- Records provided:

......

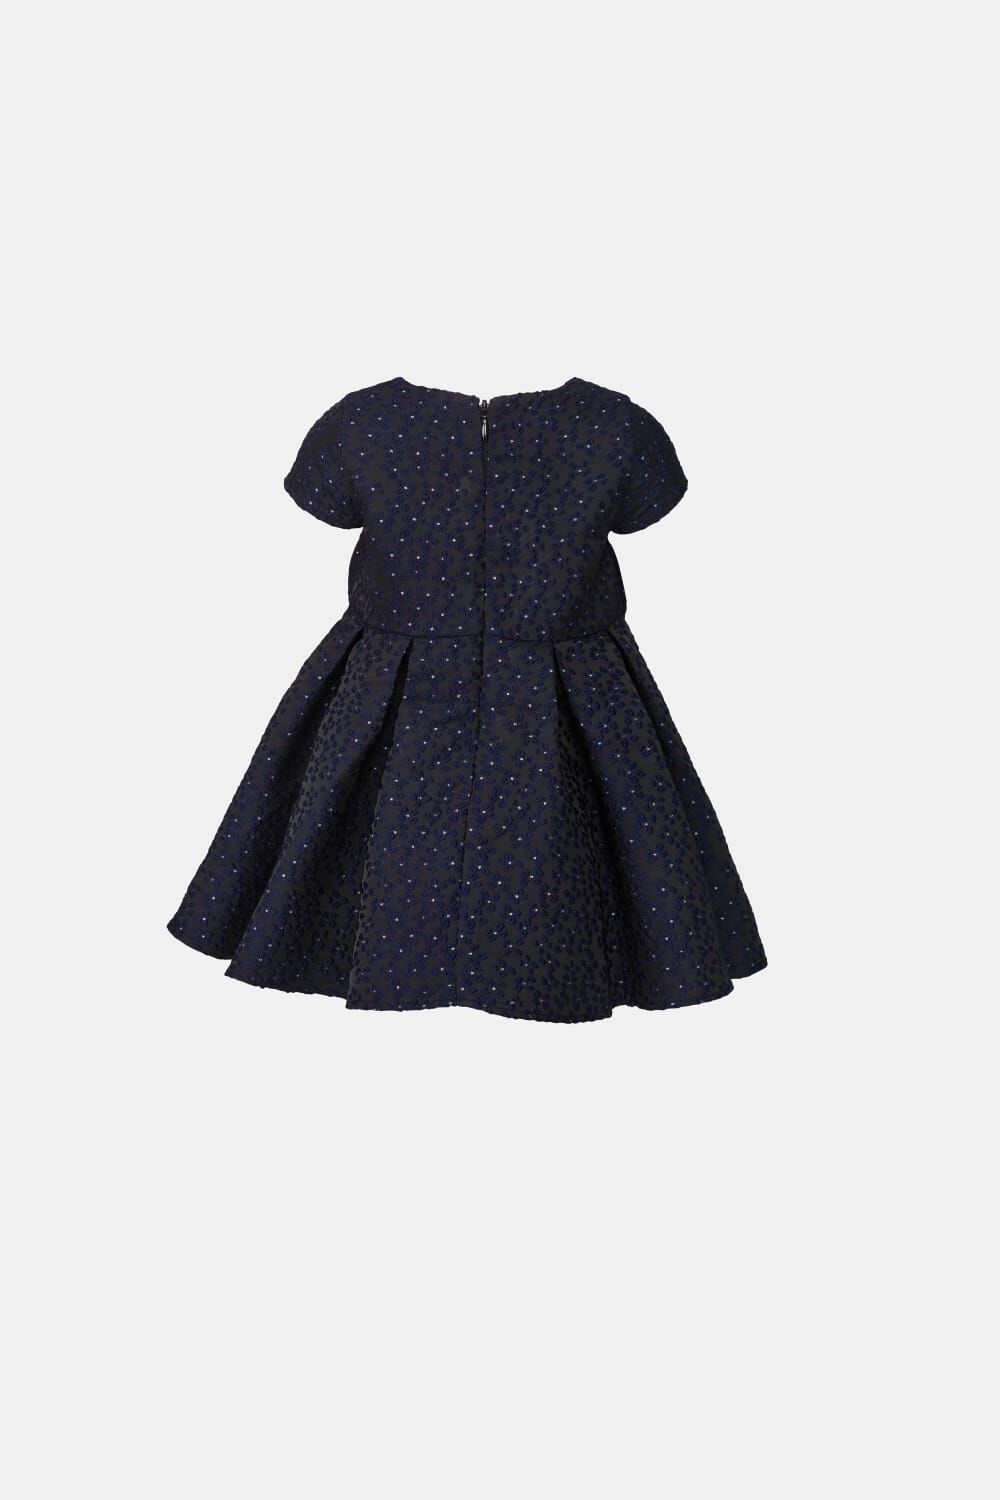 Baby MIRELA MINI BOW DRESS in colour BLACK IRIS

......

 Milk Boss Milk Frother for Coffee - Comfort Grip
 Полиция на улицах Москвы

......

- Exercise objective: From the line containing "Milk Boss Milk" down to the line containing "Полиция на улицах Москвы" in the material above, reproduce every line exactly, including the two end lines.

- Your response:
 Milk Boss Milk Frother for Coffee - Comfort Grip
 Полиция на улицах Москвы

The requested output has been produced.